• COLLECTED MATERIAL:
▬▬▬▬▬▬▬▬▬▬

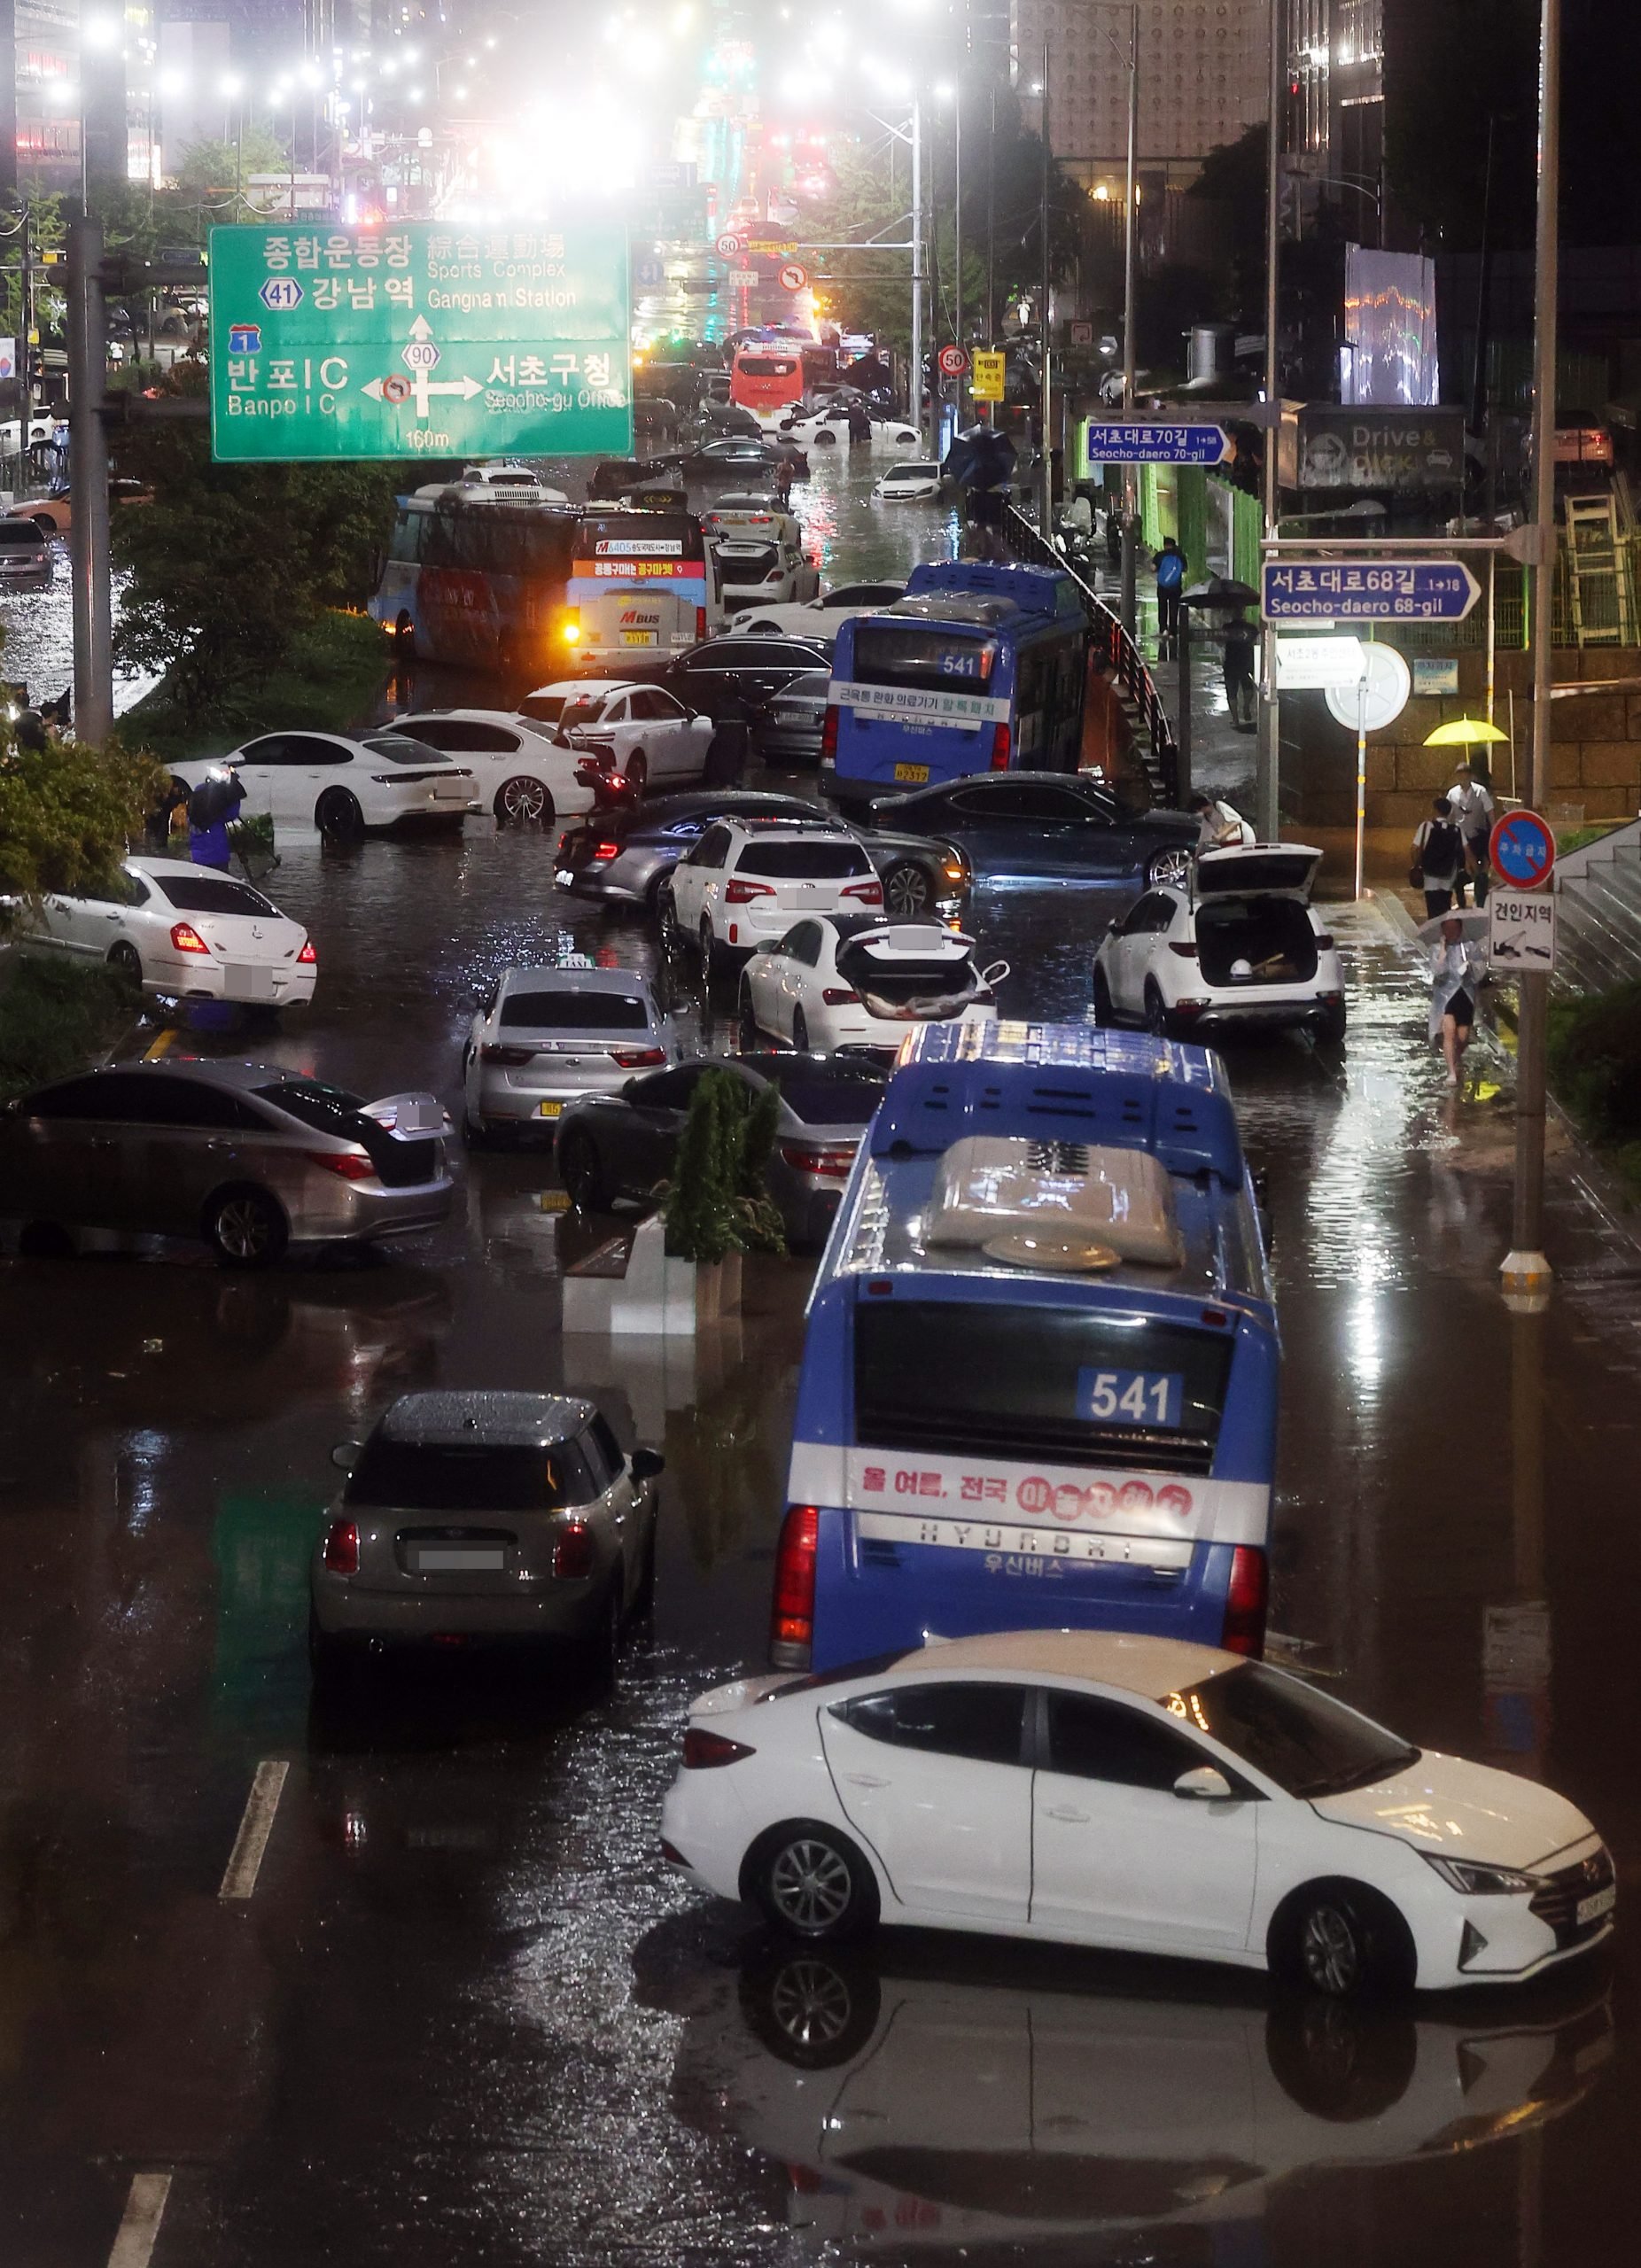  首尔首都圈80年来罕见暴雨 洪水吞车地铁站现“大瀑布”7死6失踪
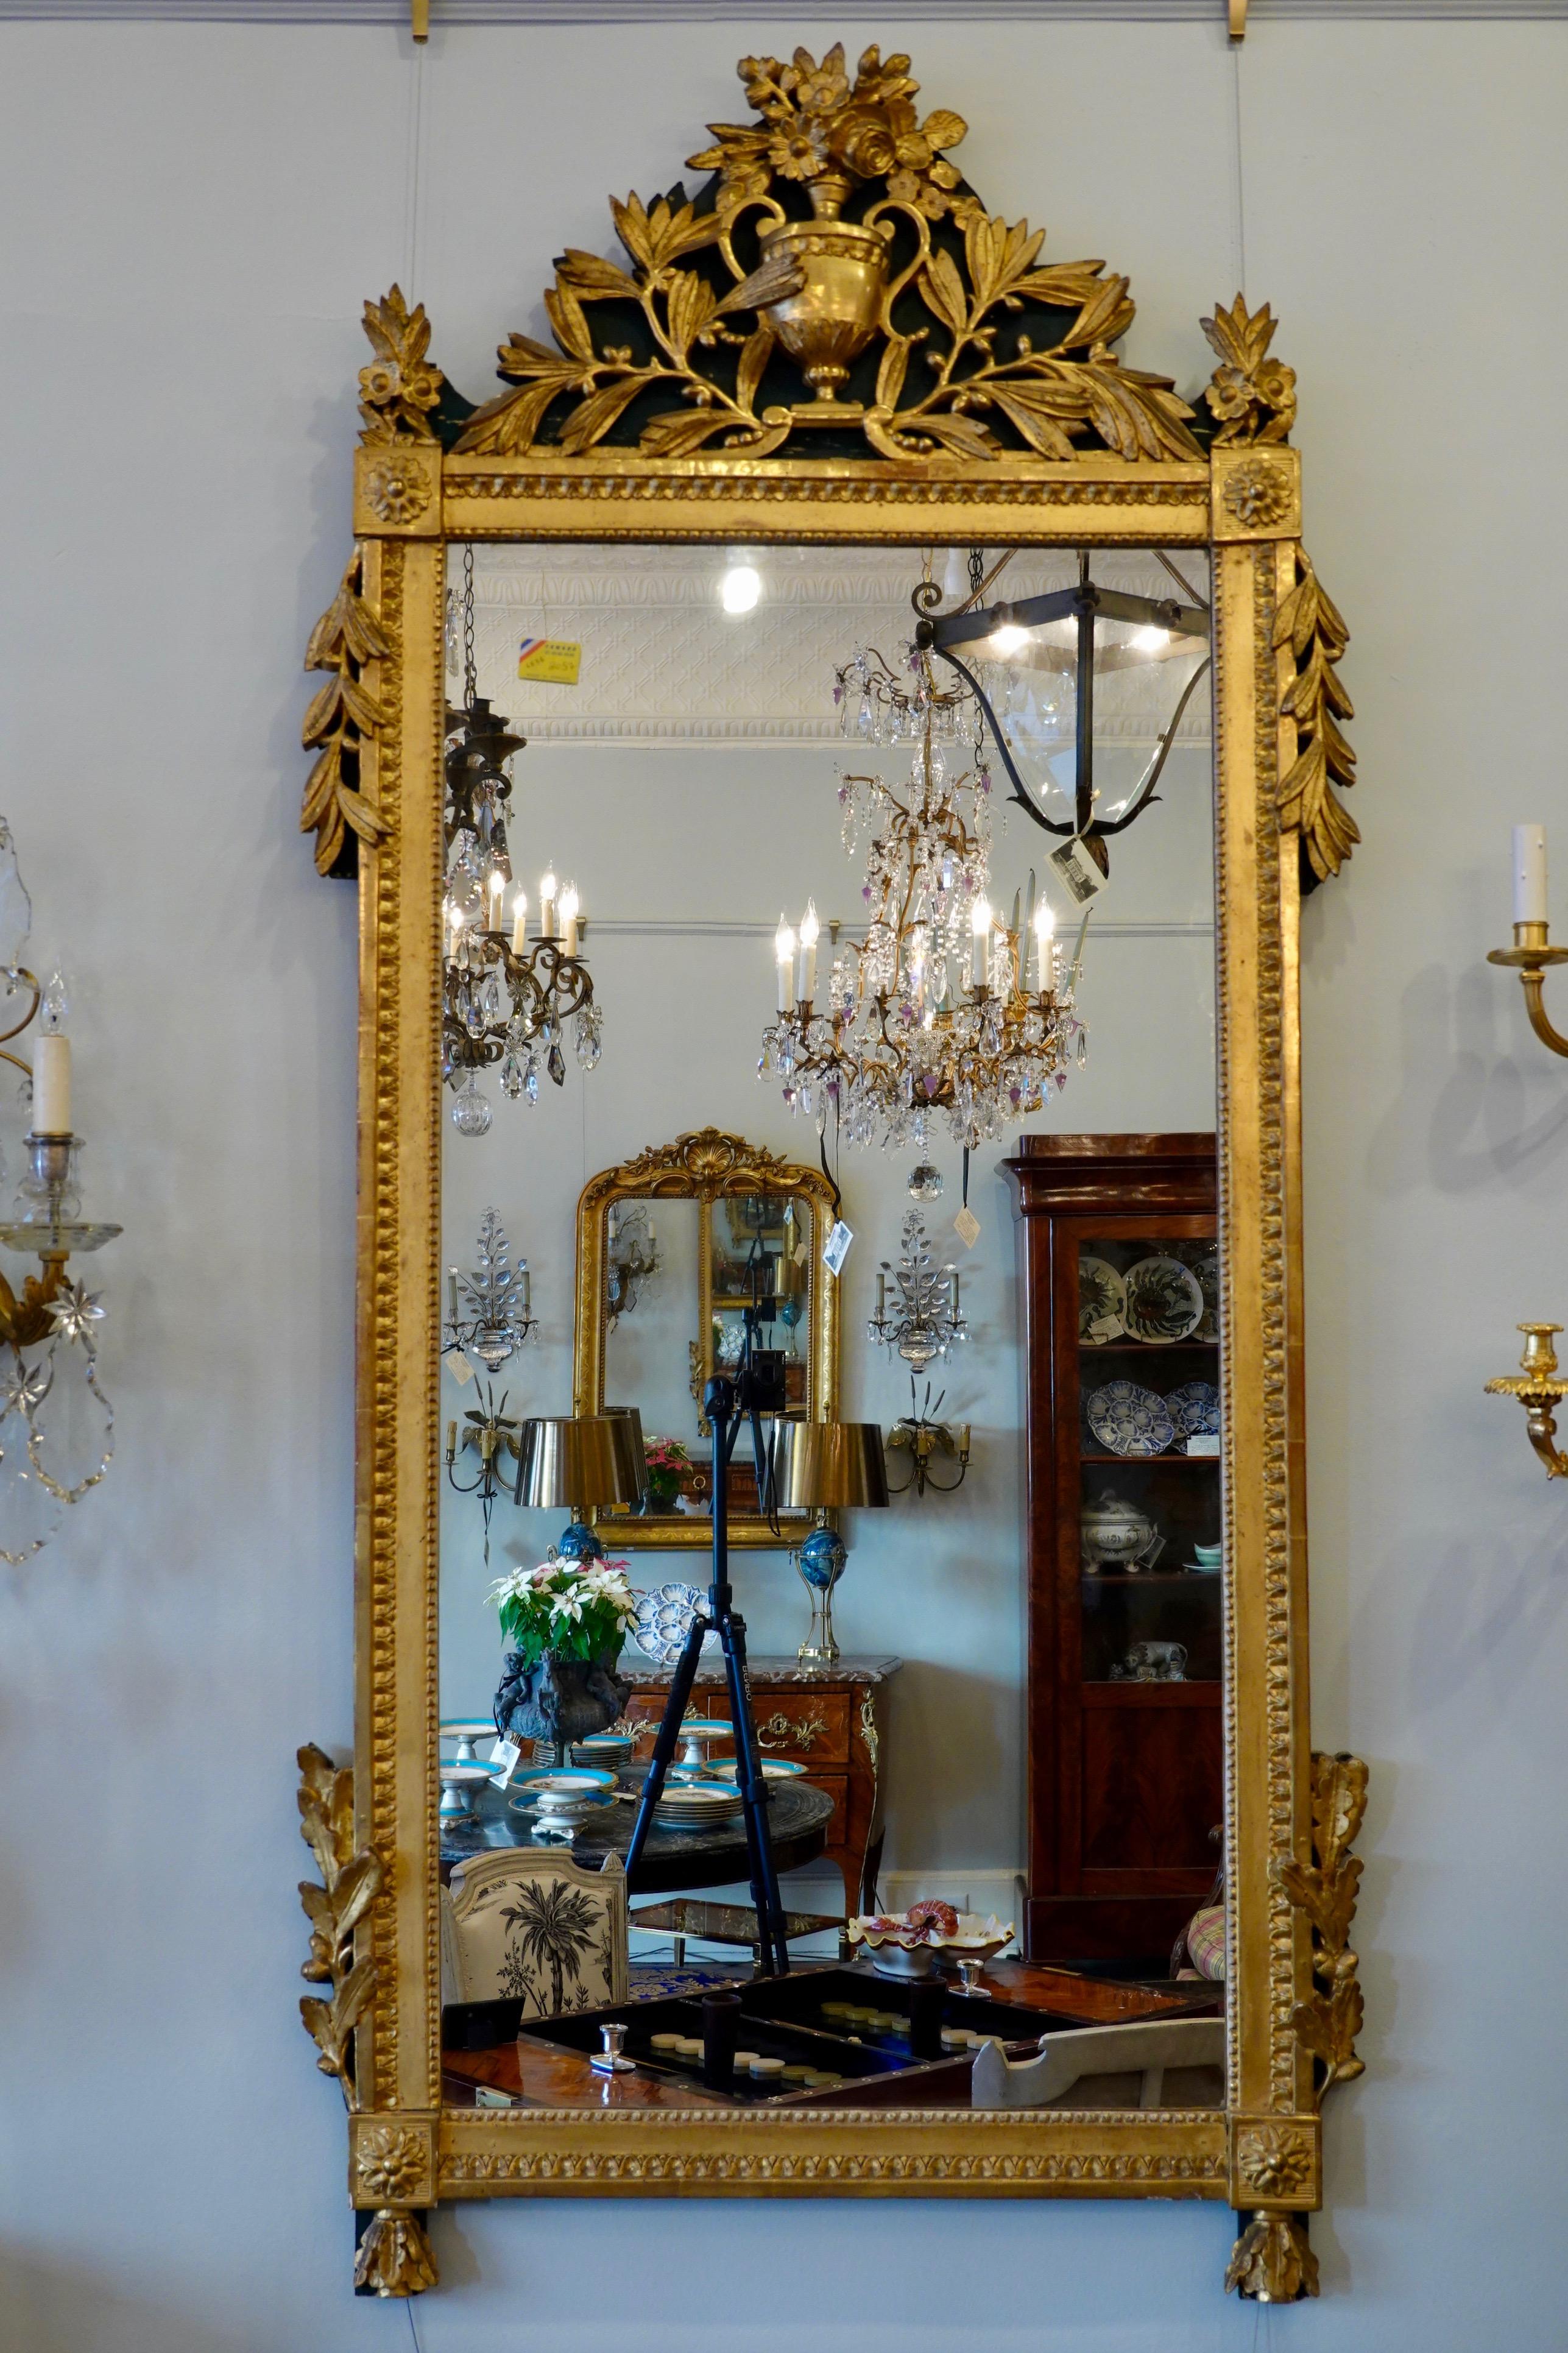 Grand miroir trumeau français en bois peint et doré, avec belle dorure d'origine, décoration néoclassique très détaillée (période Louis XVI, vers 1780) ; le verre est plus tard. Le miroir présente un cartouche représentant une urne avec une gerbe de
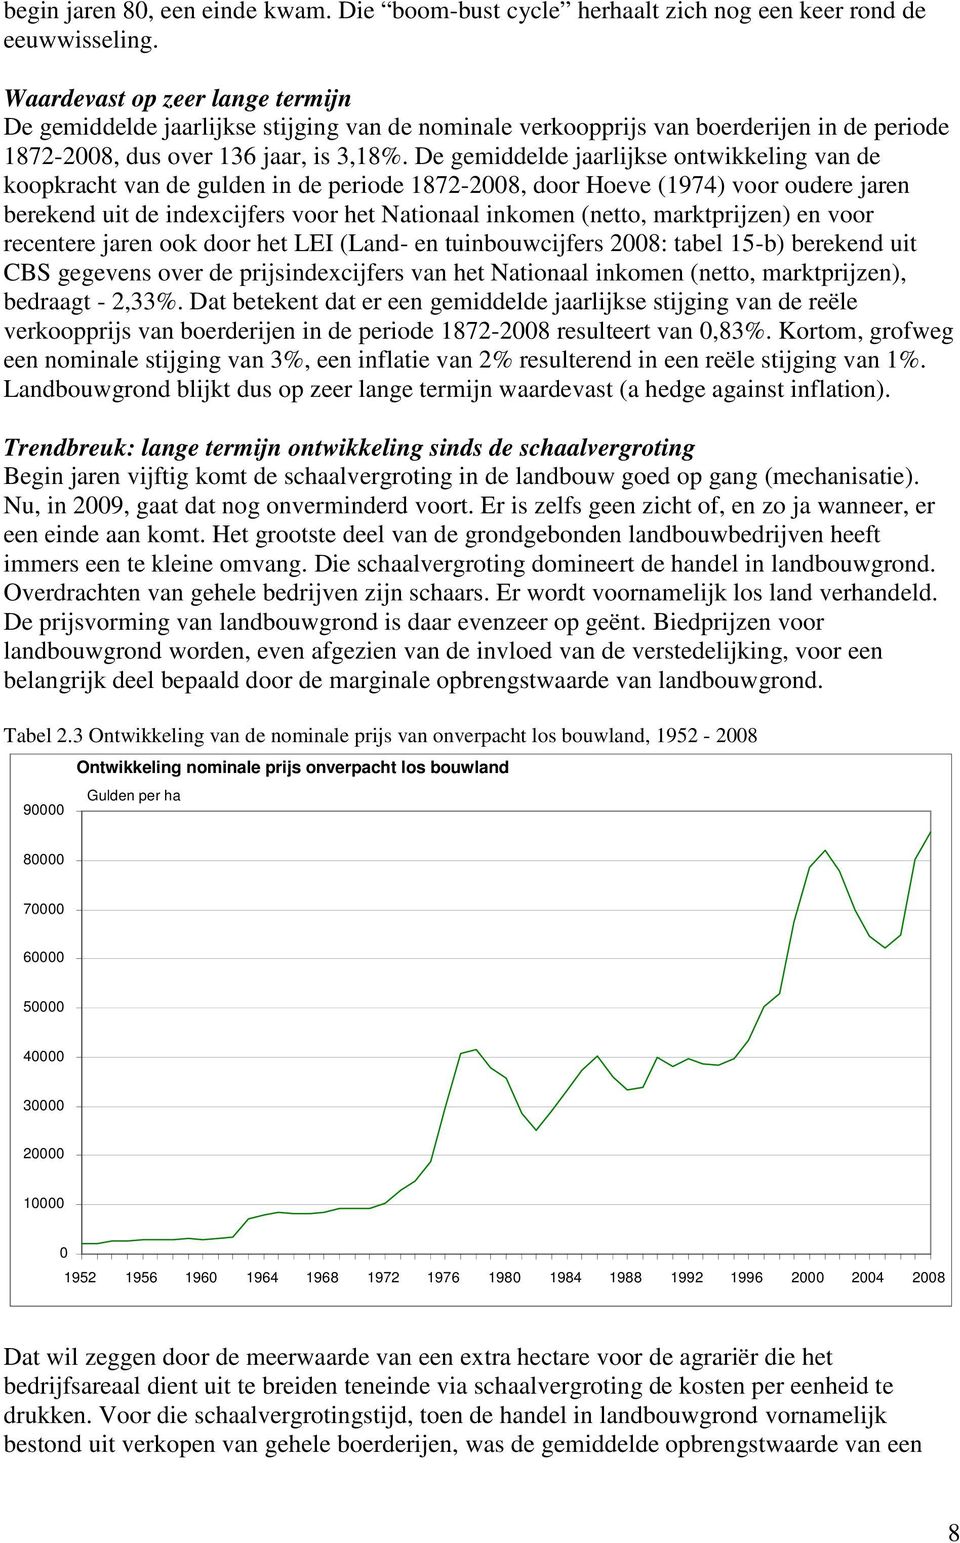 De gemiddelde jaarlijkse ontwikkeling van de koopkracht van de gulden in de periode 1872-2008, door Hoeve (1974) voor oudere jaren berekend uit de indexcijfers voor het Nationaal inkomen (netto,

▬▬▬▬▬▬▬▬▬▬

• TASK OBJECTIVE: Without altering anything, output all the lines above but none of the images.

• ANSWER BOX:
  首尔首都圈80年来罕见暴雨 洪水吞车地铁站现“大瀑布”7死6失踪
 Grand miroir trumeau français en bois peint et doré, avec belle dorure d'origine, décoration néoclassique très détaillée (période Louis XVI, vers 1780) ; le verre est plus tard. Le miroir présente un cartouche représentant une urne avec une gerbe de
 De gemiddelde jaarlijkse ontwikkeling van de koopkracht van de gulden in de periode 1872-2008, door Hoeve (1974) voor oudere jaren berekend uit de indexcijfers voor het Nationaal inkomen (netto,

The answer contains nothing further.